**What the task requires**
Output the lines of the listing below exactly, starting at the line containing "Police Respond to" and stopping after the last line, with any pictures dropped.

**Supplied material**
=== Section Start ===
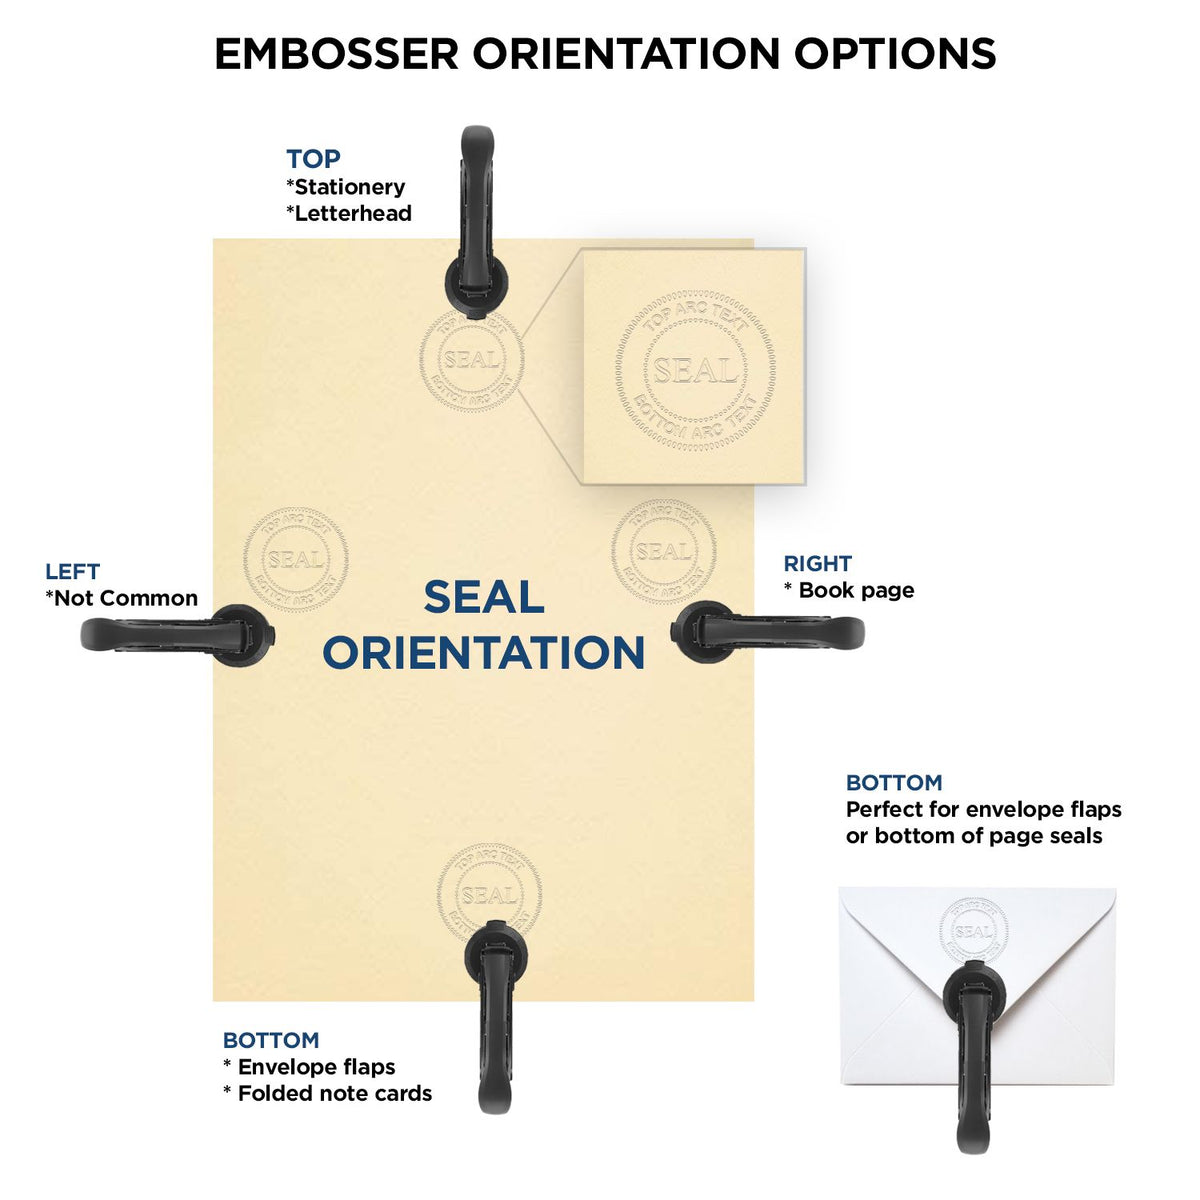 An infographic for the Gift New York Engineer Seal showing embosser orientation, this is showing examples of a top, bottom, right and left insert.
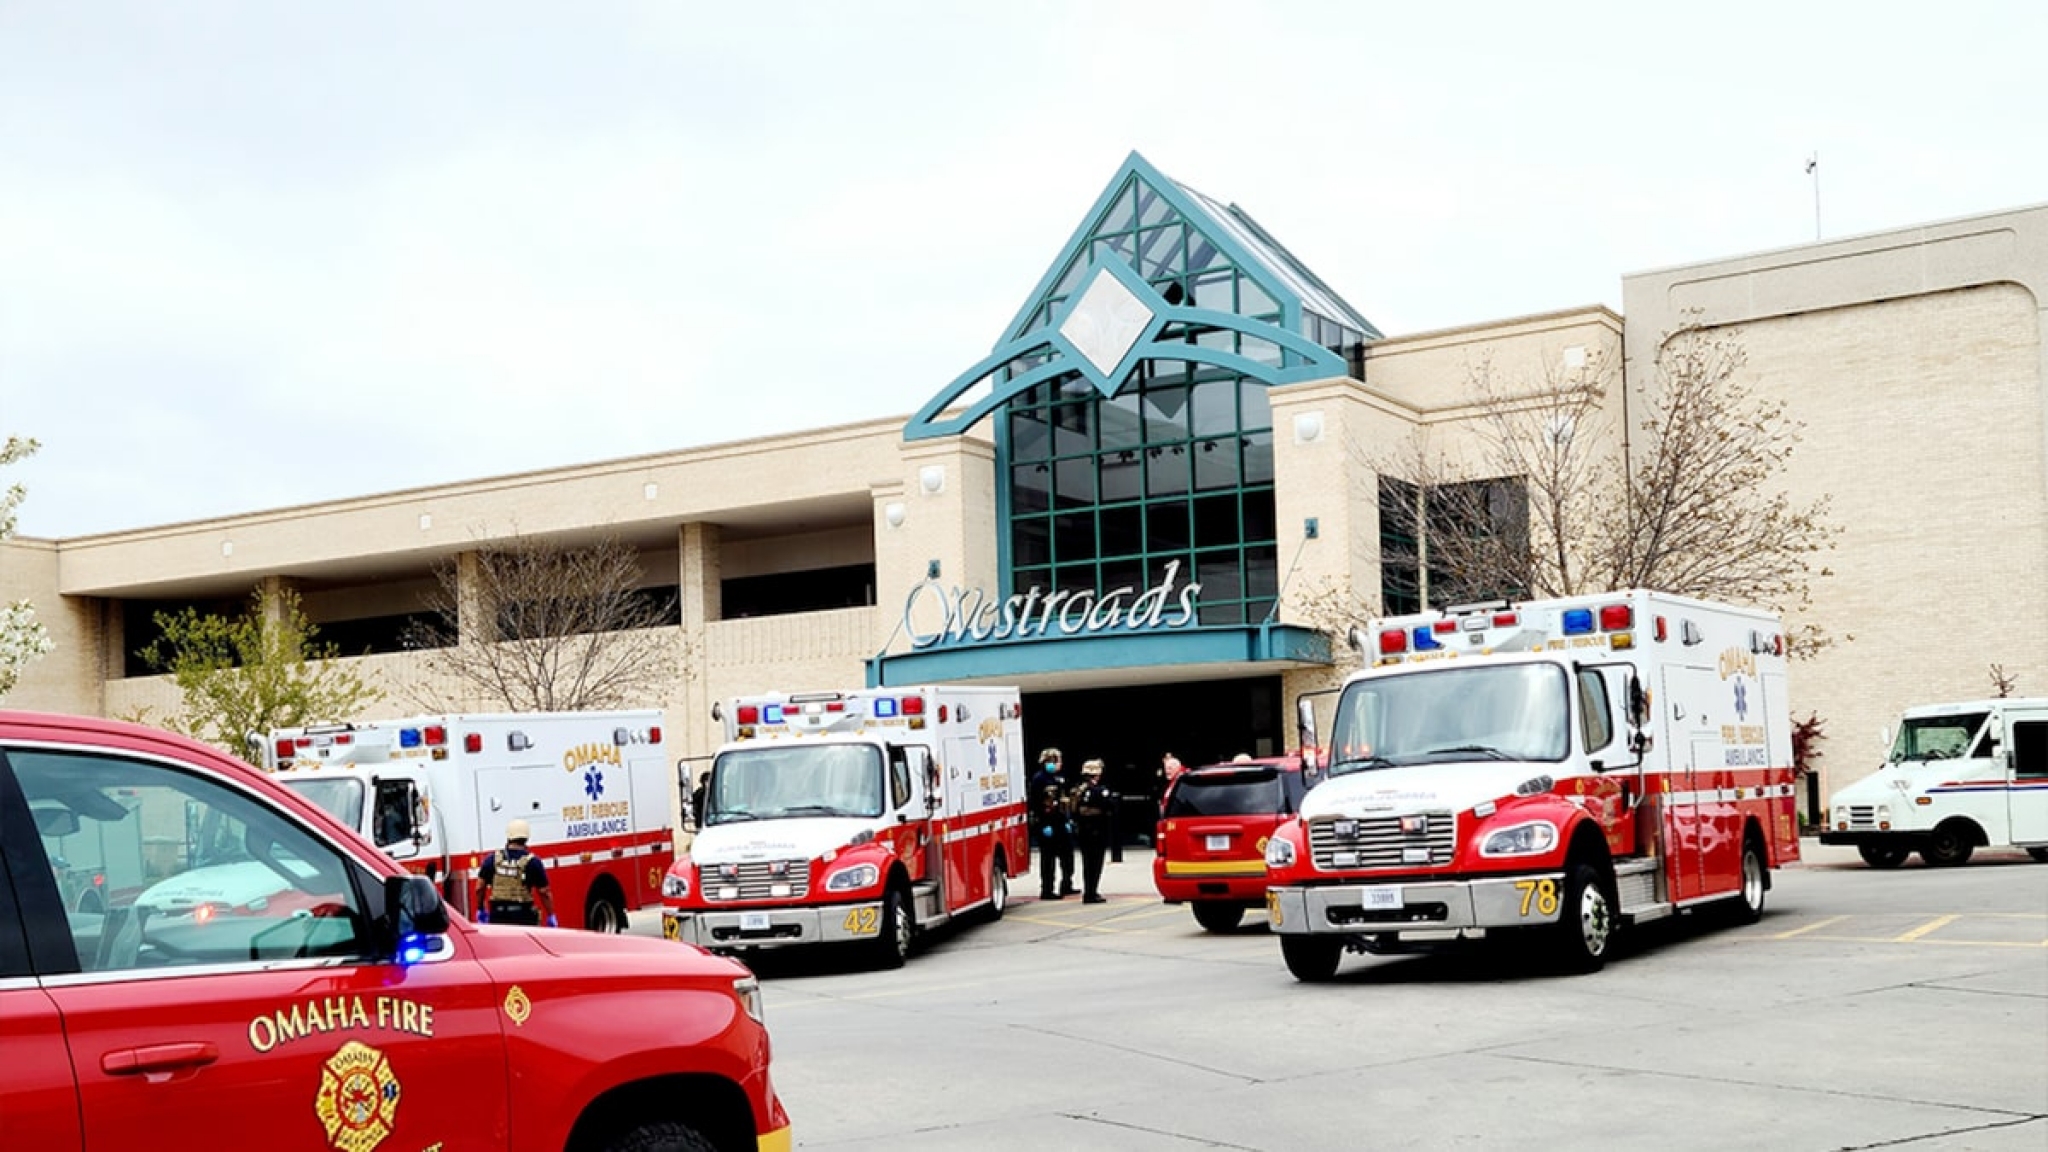 Police Respond to Reported Shooting at Nebraska Mall, One Left Dead
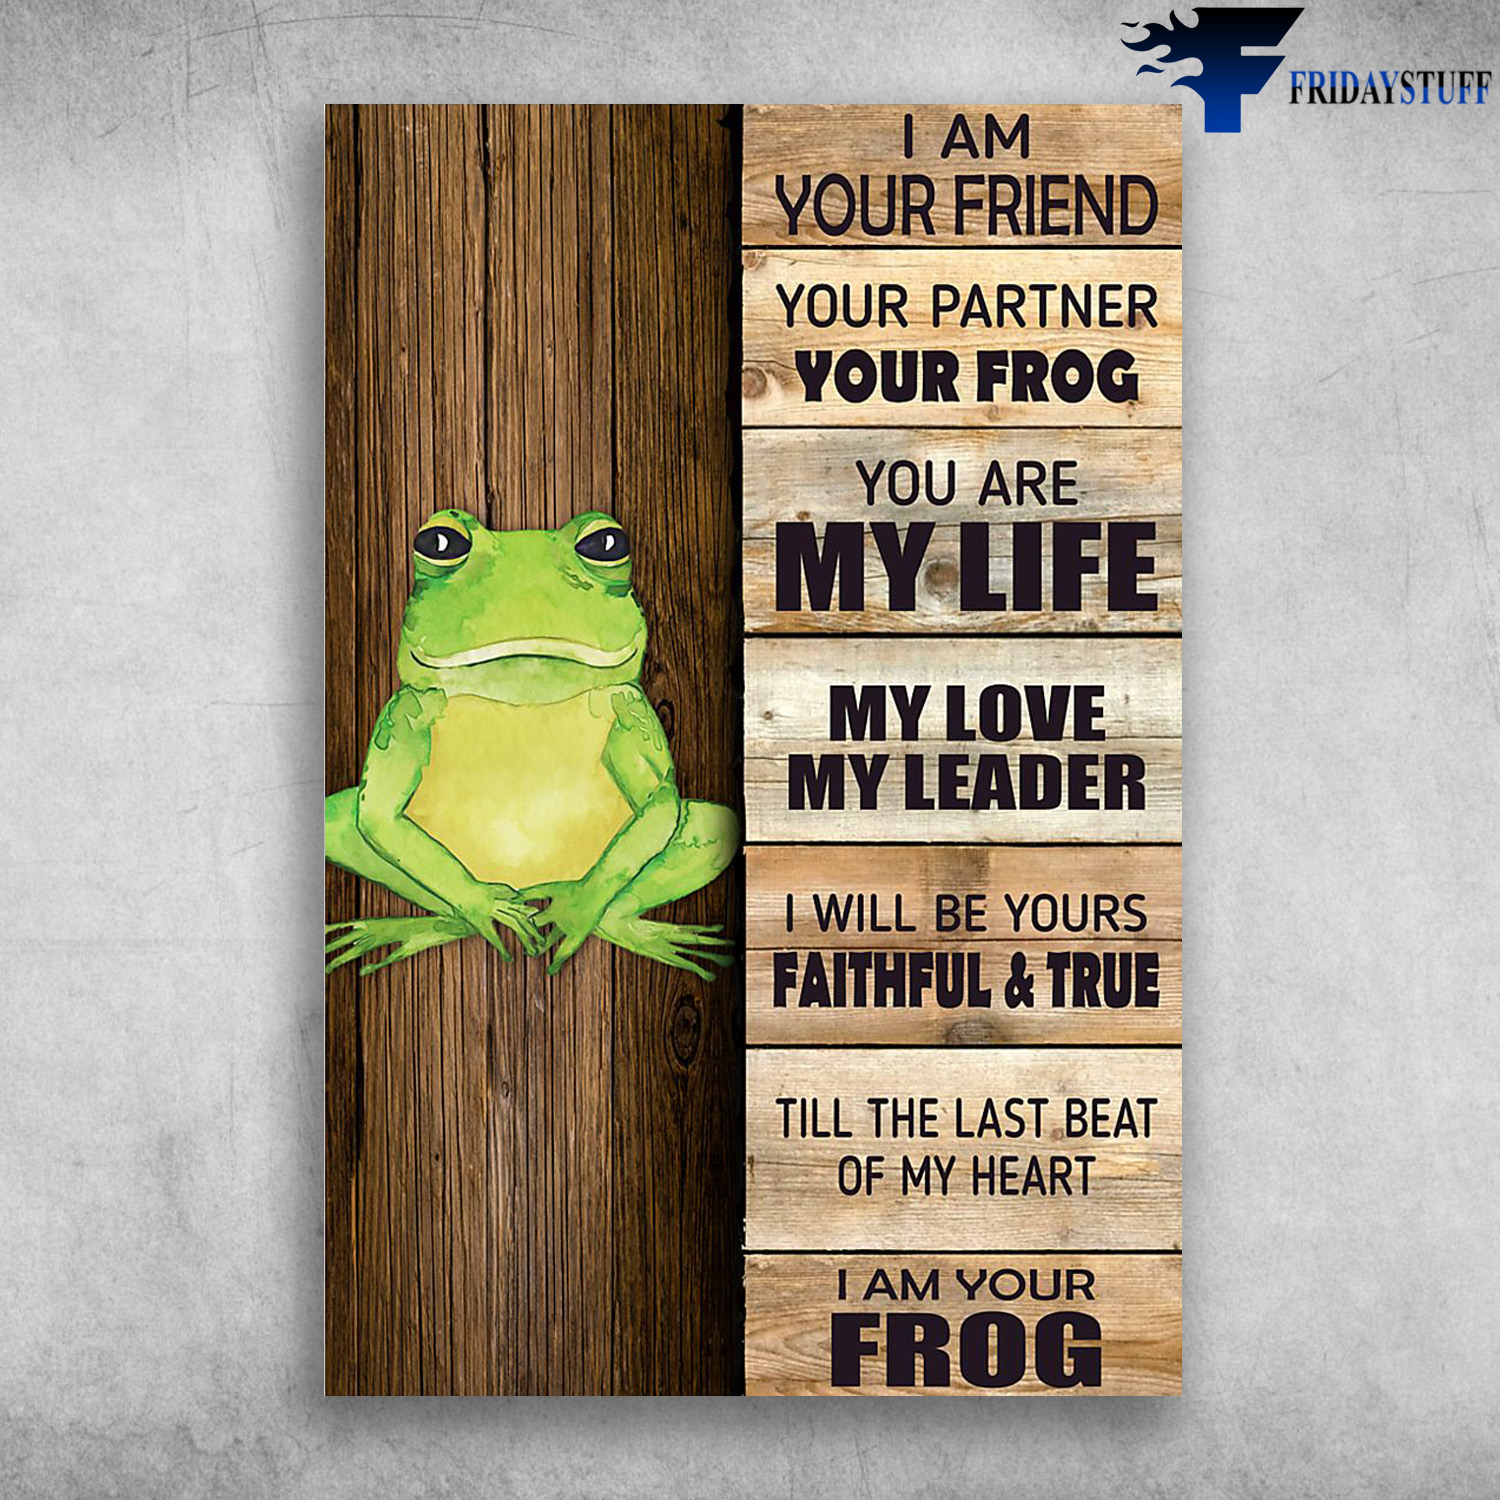 The Frog - I Am Your Friend, Your Partner, Your Frog, You Are My Life, My Love, My Leader, I Will Be Yours Faithfull And True, Till The Last Beat Of My Heart, I Am Your Frog
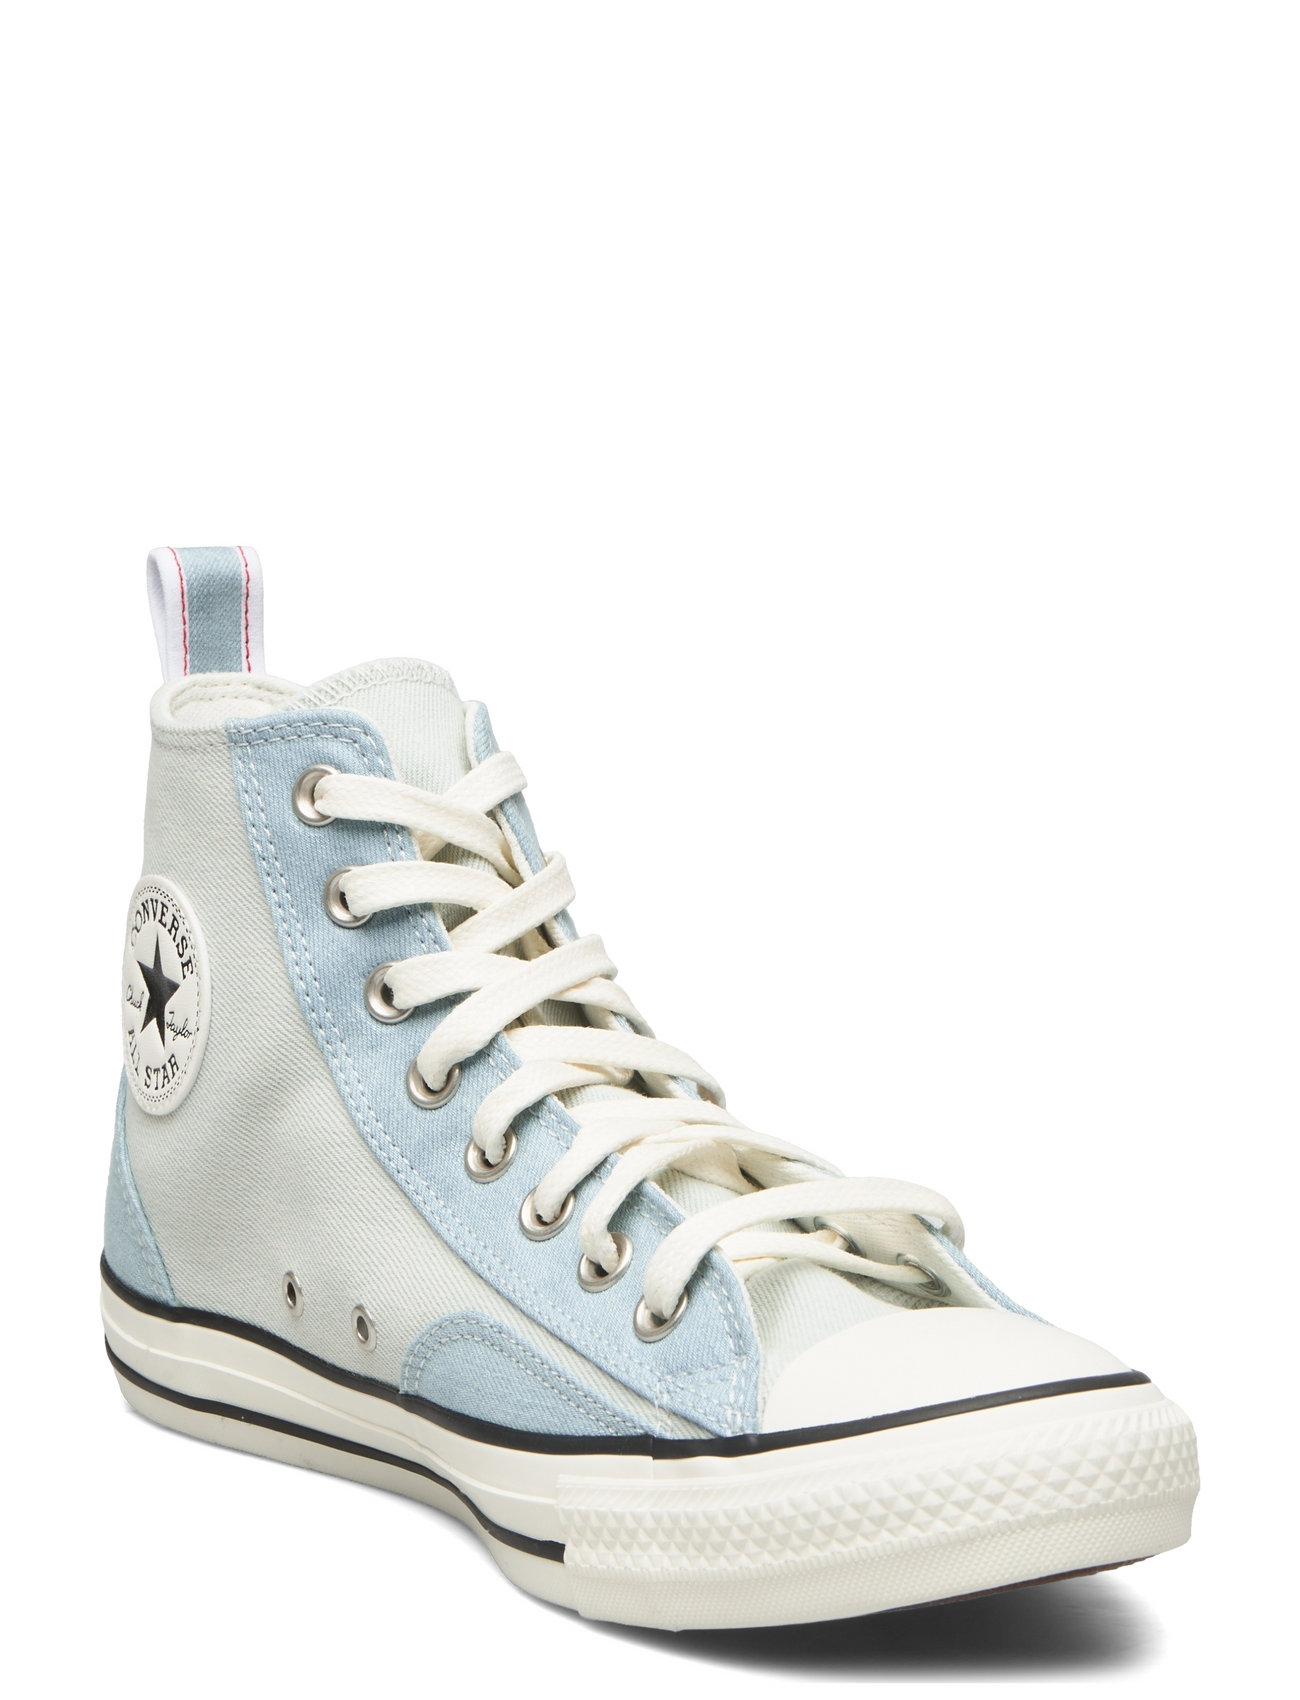 Converse Chuck Taylor All Star - sneakers
=== Section End ===
**Exercise answer**
 Police Respond to Reported Shooting at Nebraska Mall, One Left Dead
 The Frog - I Am Your Friend, Your Partner, Your Frog, You Are My Life, My Love, My Leader, I Will Be Yours Faithfull And True, Till The Last Beat Of My Heart, I Am Your Frog
 Converse Chuck Taylor All Star - sneakers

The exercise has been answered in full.